■ **Problem to solve**:
Could you print exactly the lines from the one that contains "Live Oak Walk, Brookgreen" to the end of the data, both ends included, and nothing else? Skip the pictures.

■ **Data block**:
☆ ☆ ☆ ☆

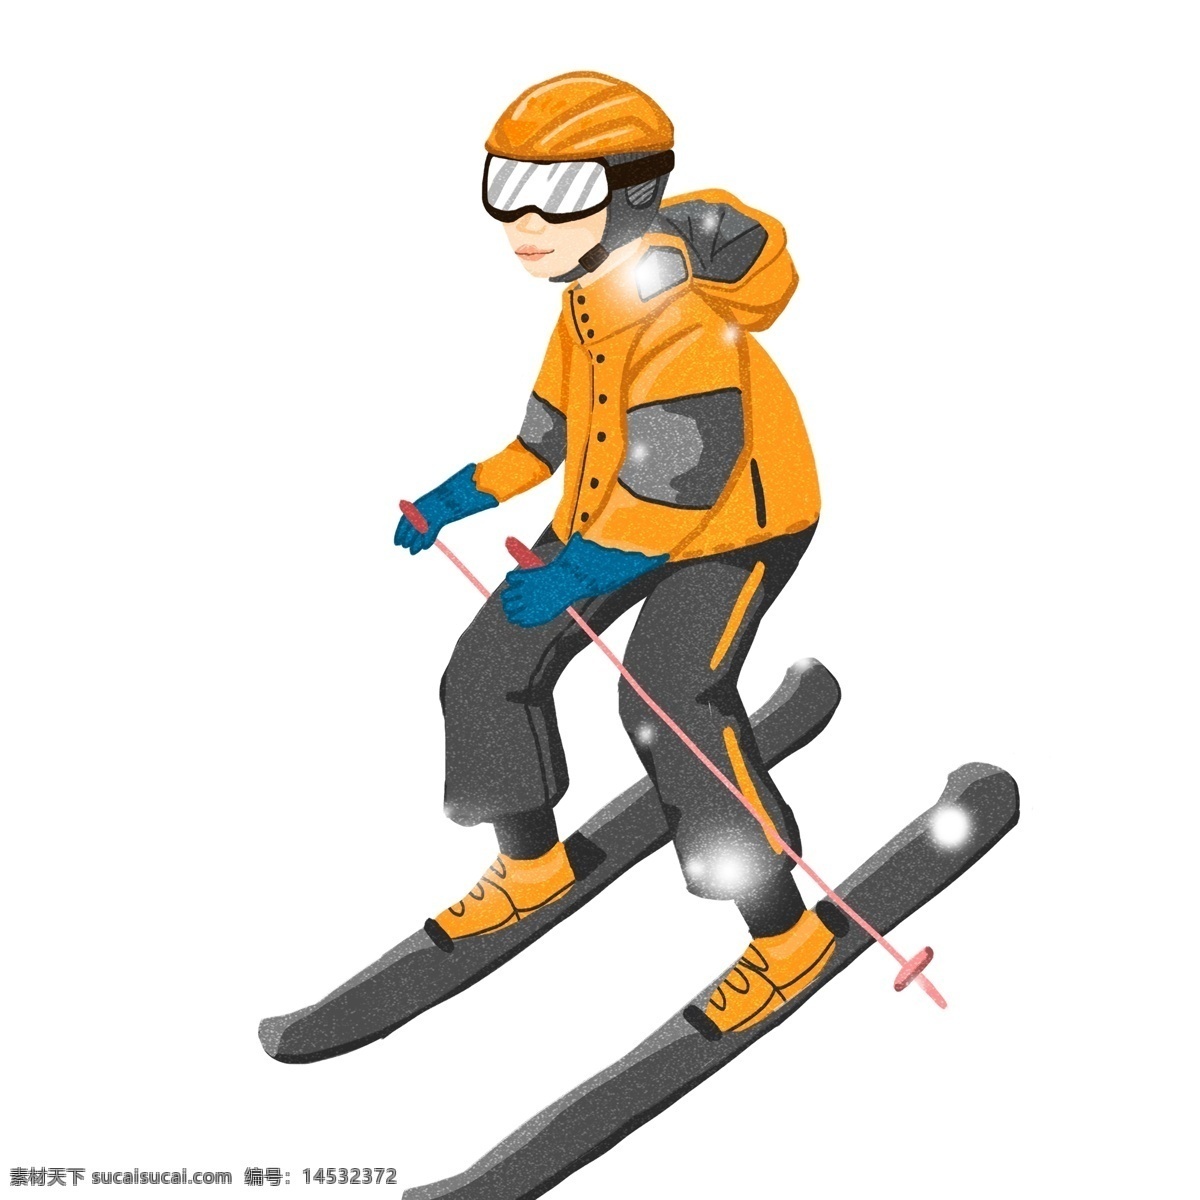 清新 冬日 开心 滑雪 少年 唯美 雪花 手绘 大雪 下雪天 人物设计
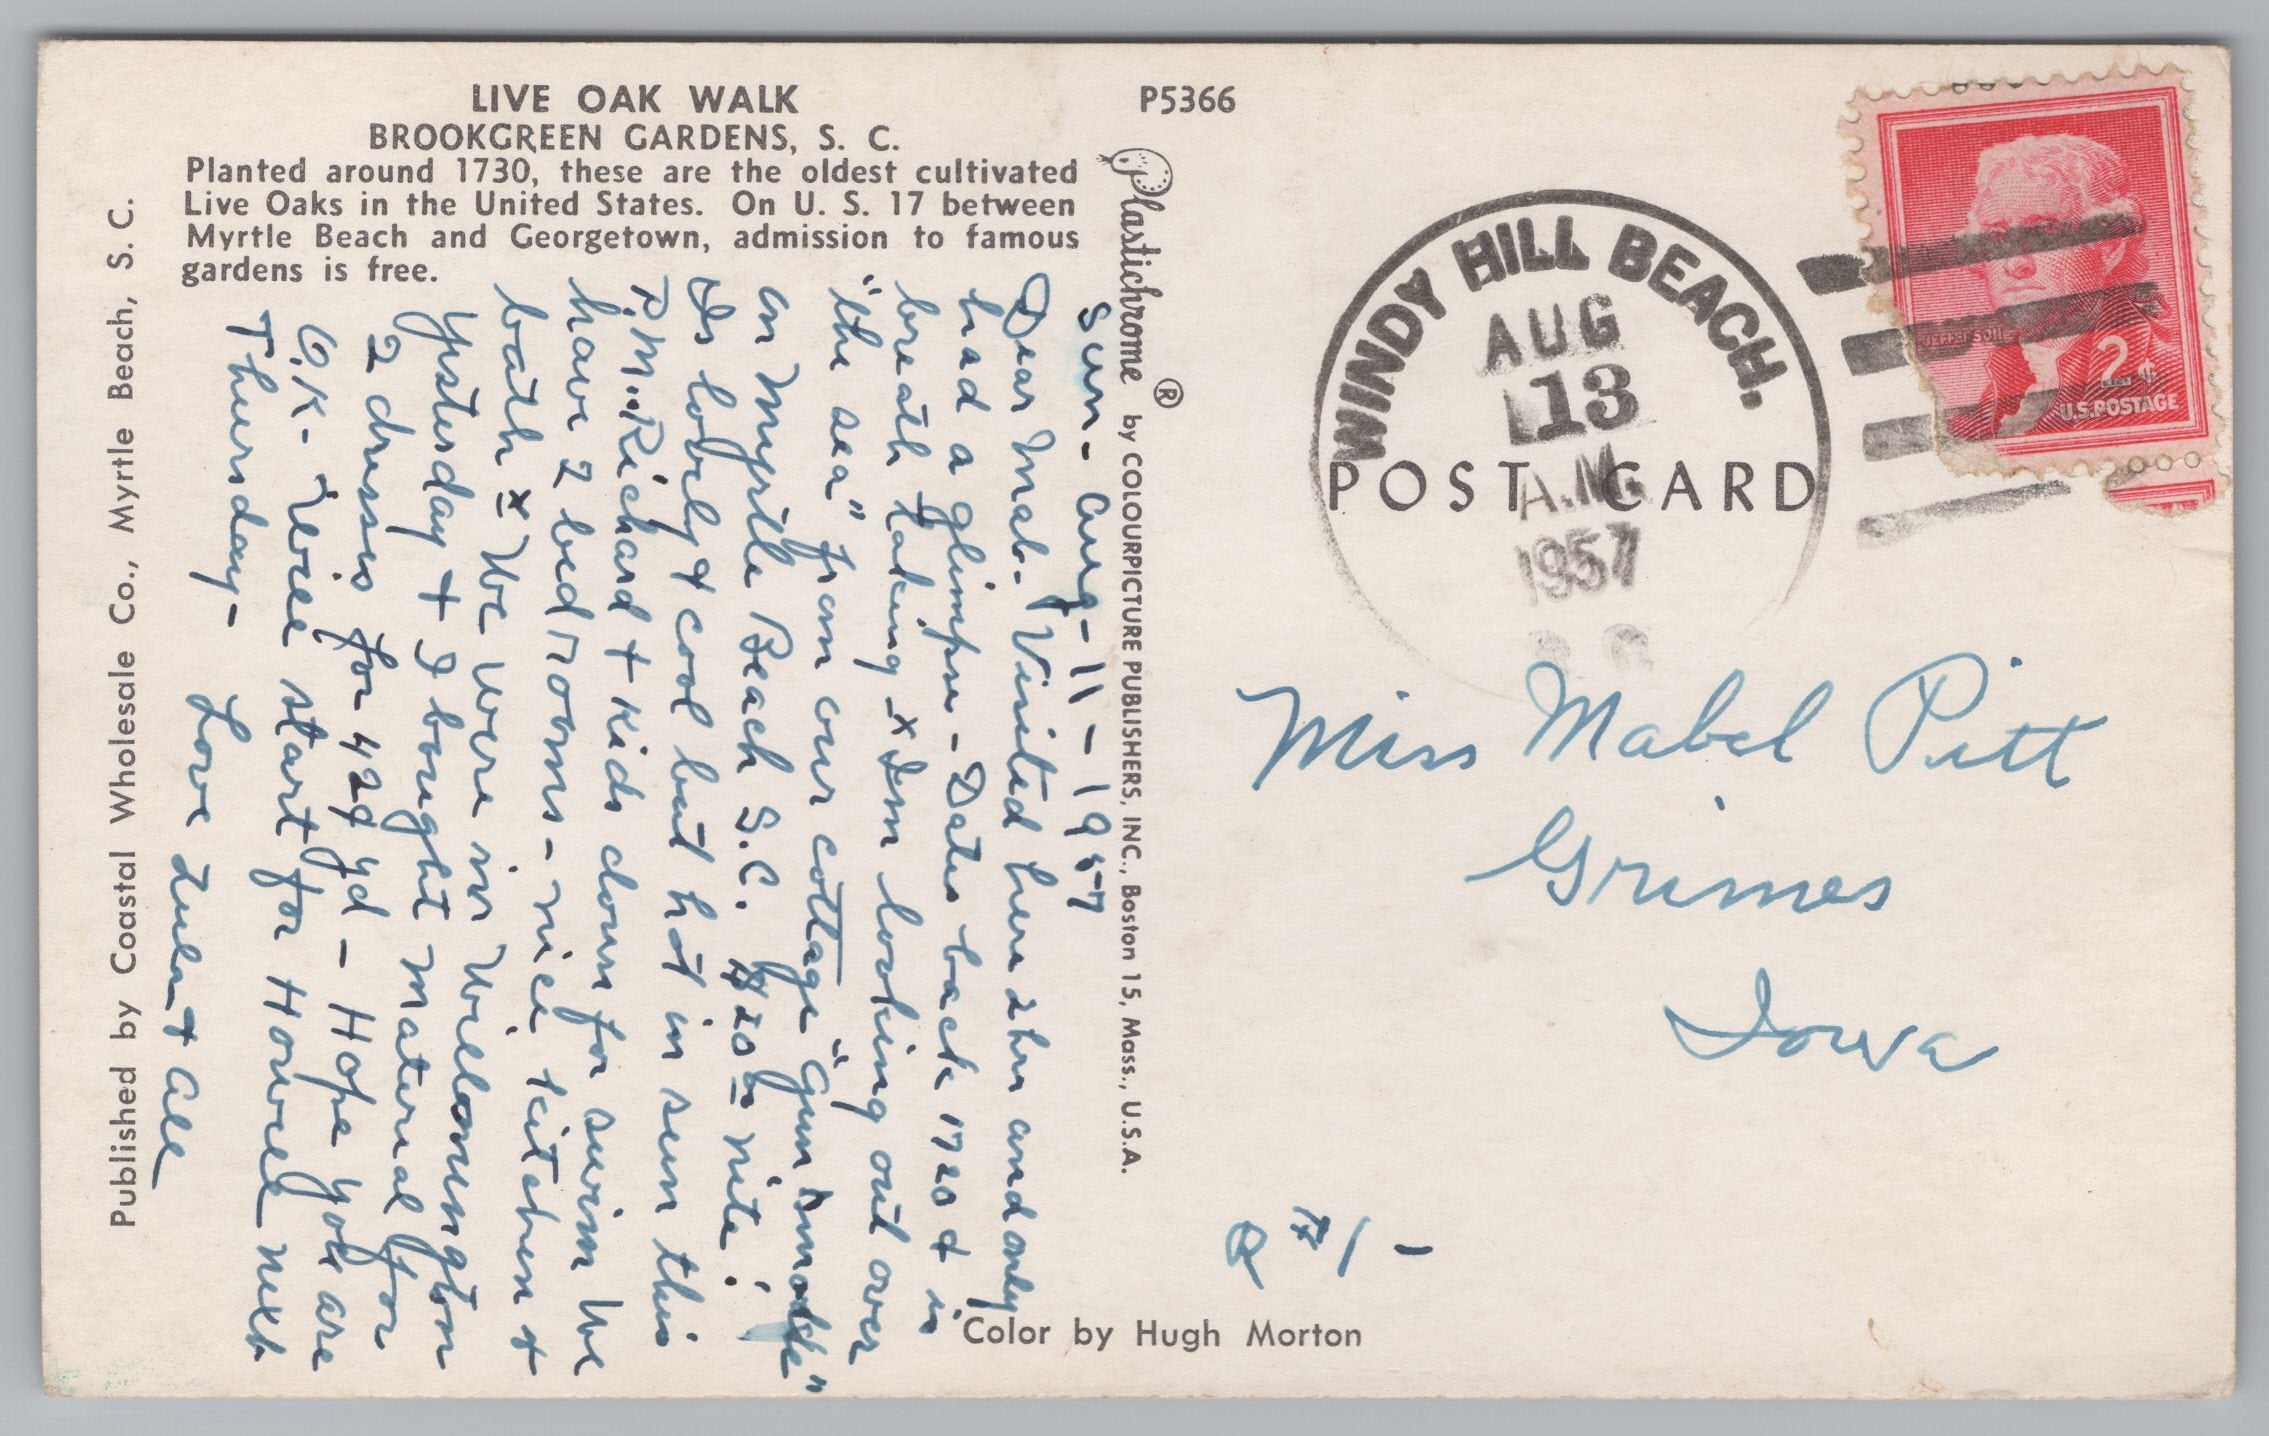 Live Oak Walk, Brookgreen Gardens, Vintage Post Card.
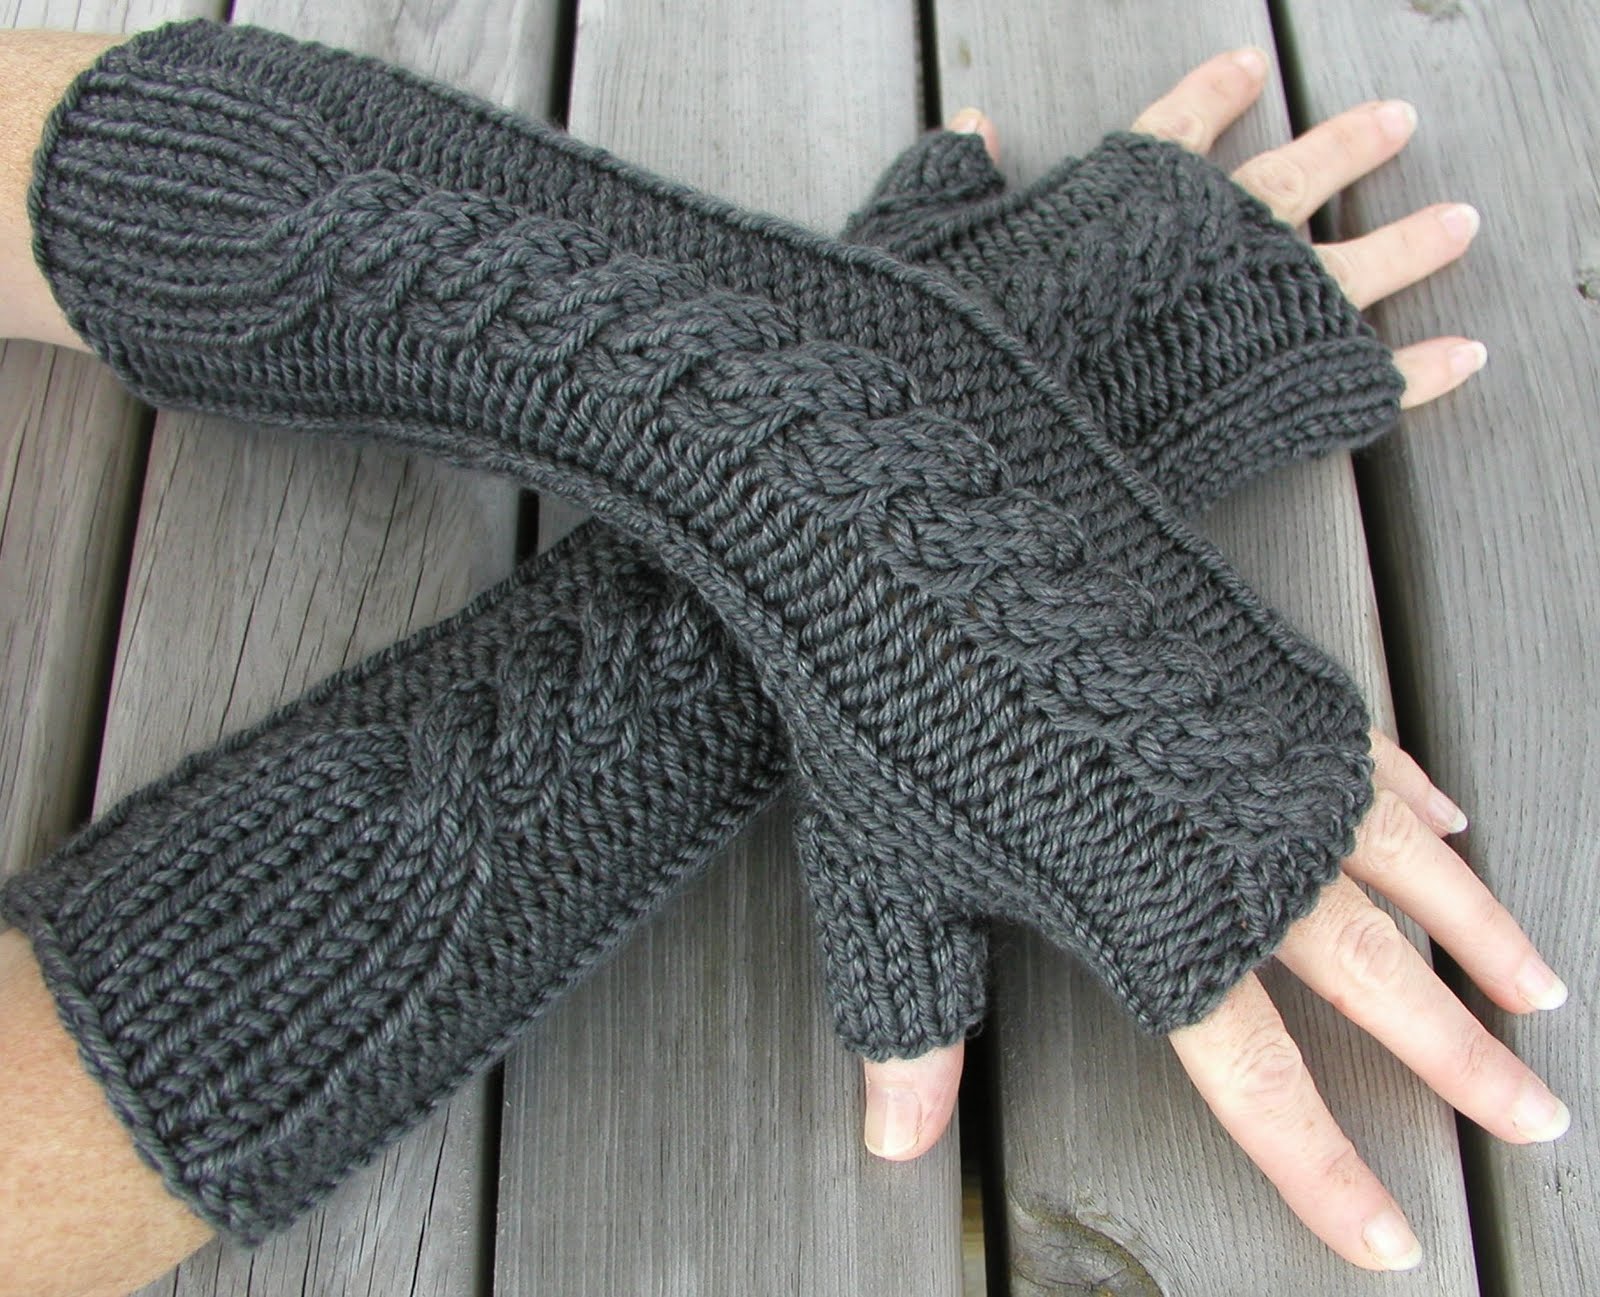 http://4.bp.blogspot.com/_8evNMKhbq_A/TIya7feUvaI/AAAAAAAACMI/xwiD4JApk_o/s1600/merino_wool_cashmere_gloves.jpg

☆ ☆ ☆ ☆

■ **Solution for this problem**:
 Live Oak Walk, Brookgreen Gardens, Vintage Post Card.
 http://4.bp.blogspot.com/_8evNMKhbq_A/TIya7feUvaI/AAAAAAAACMI/xwiD4JApk_o/s1600/merino_wool_cashmere_gloves.jpg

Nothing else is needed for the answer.